Question

Given the domain (-2,2,4) what is the range for the relation 3x-y=3

Answer 1

The range for the relation 3x - y = 3 with the domain (-2,2,4) is calculated by substituting each domain value into the equation, resulting in the range (-9, 3, 9).

Step-by-step explanation:

To find the range for the relation 3x - y = 3 given the domain (-2,2,4), we need to substitute each value from the domain into the equation and solve for y. Here's how you do it step by step:

• For x = -2: 3(-2) - y = 3; -6 - y = 3; y = -6 - 3; y = -9.
• For x = 2: 3(2) - y = 3; 6 - y = 3; y = 6 - 3; y = 3.
• For x = 4: 3(4) - y = 3; 12 - y = 3; y = 12 - 3; y = 9.

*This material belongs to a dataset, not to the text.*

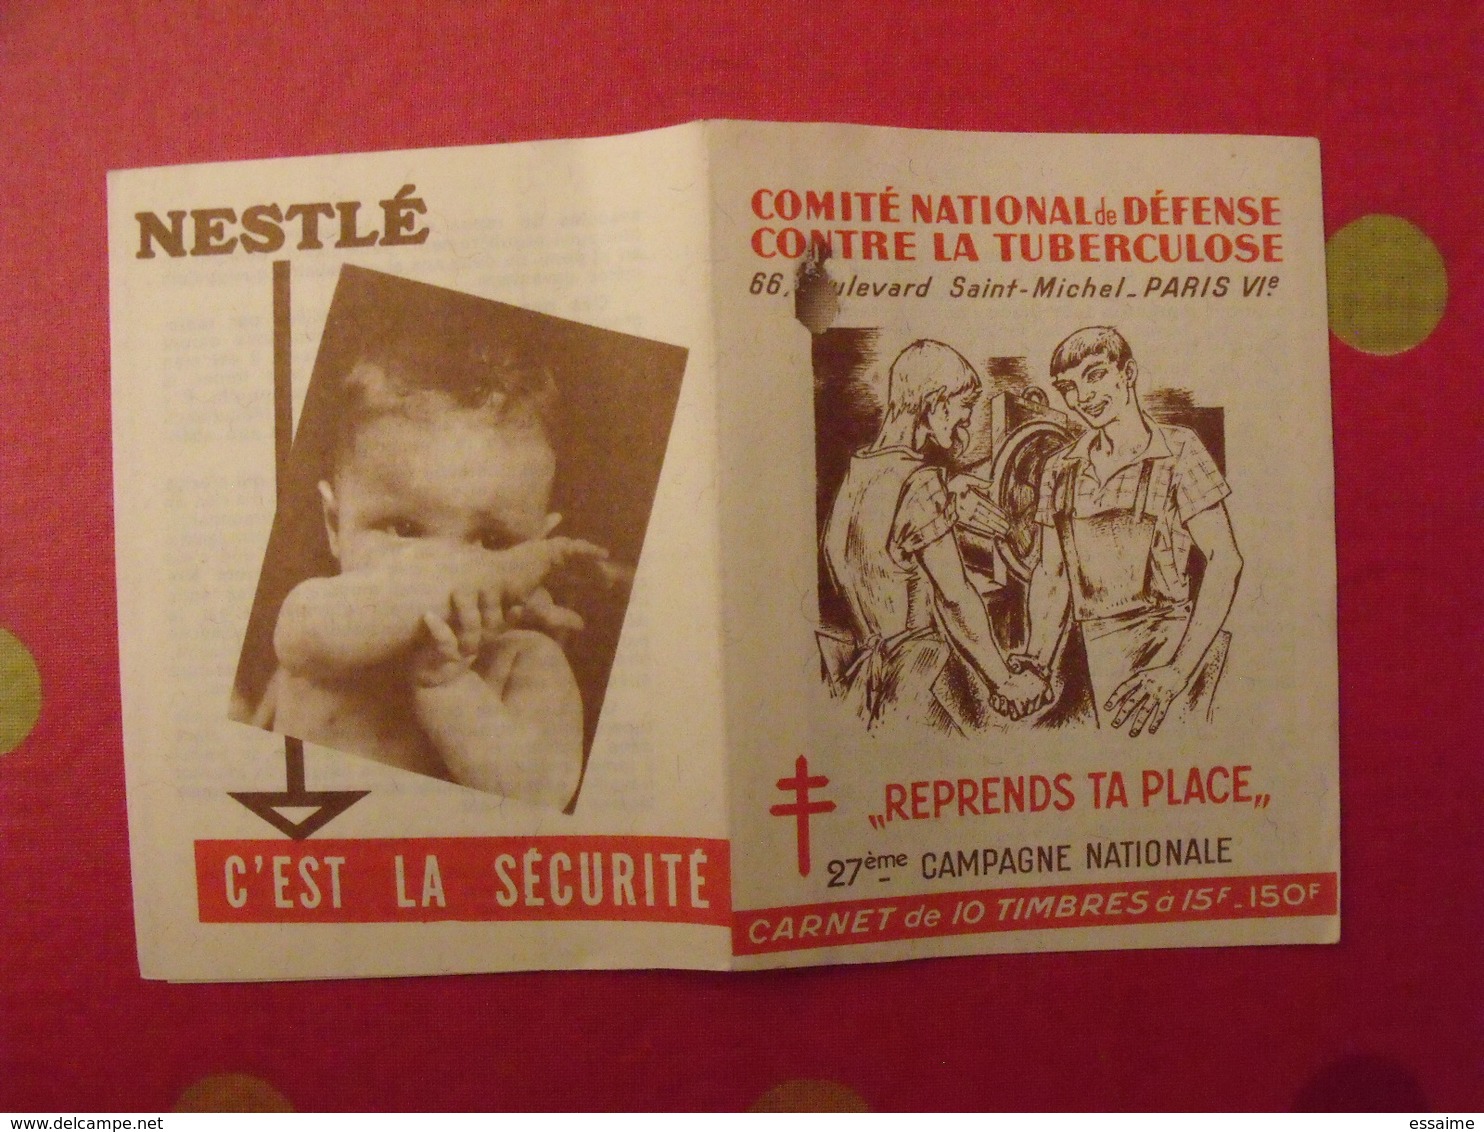 Carnet De Timbres Antituberculeux 1957-58. Pub Nestlé . Tuberculose Anti-tuberculeux. - Tegen Tuberculose
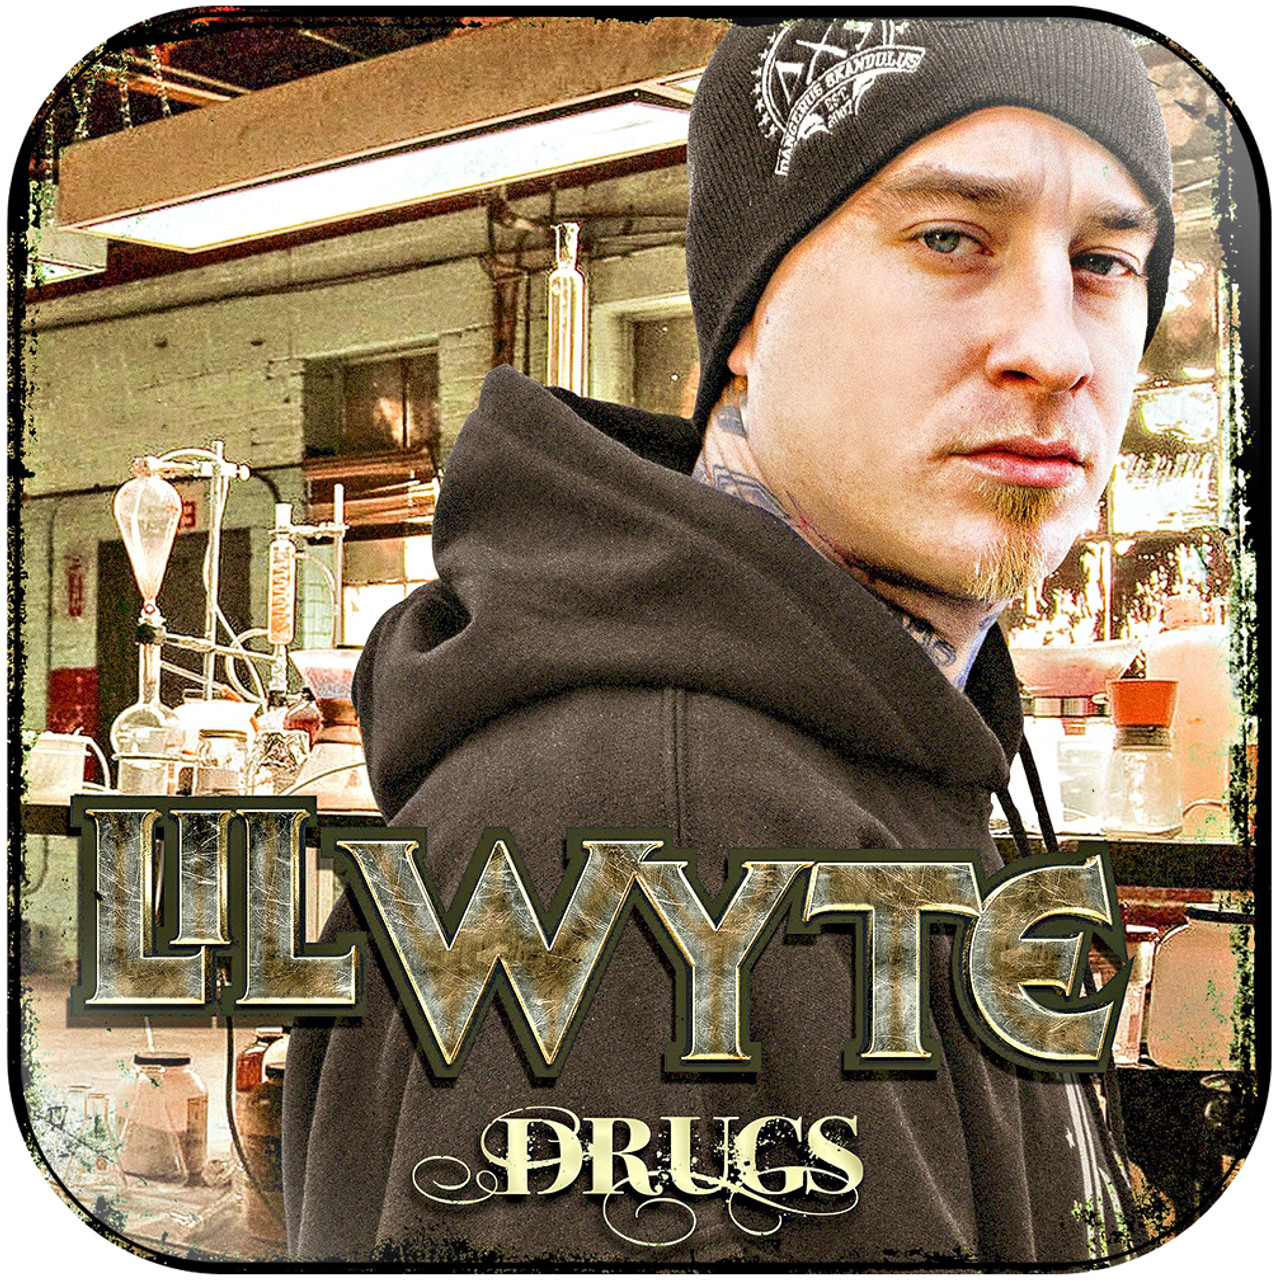 drugs-album-cover-sticker__89440.1540306446.jpg

The range for the given domain is (-9, 3, 9).

Answer 2

Given the domain, the range for 3x-y = 3 is {-9, 6, 9}

Step-by-step explanation:

First you have to put the relation in terms of y ⇒ 3x - y = 3⇒ 3x -3 = y

⇒ y = 3x - 3.

Then you replace the values indicated by the domain to find their "y" values (the ones that constitute the range).

f(-2) = -9

f(2) = 6

f(4) = 9.

Finally, the range for the given domain is {-9, 6, 9}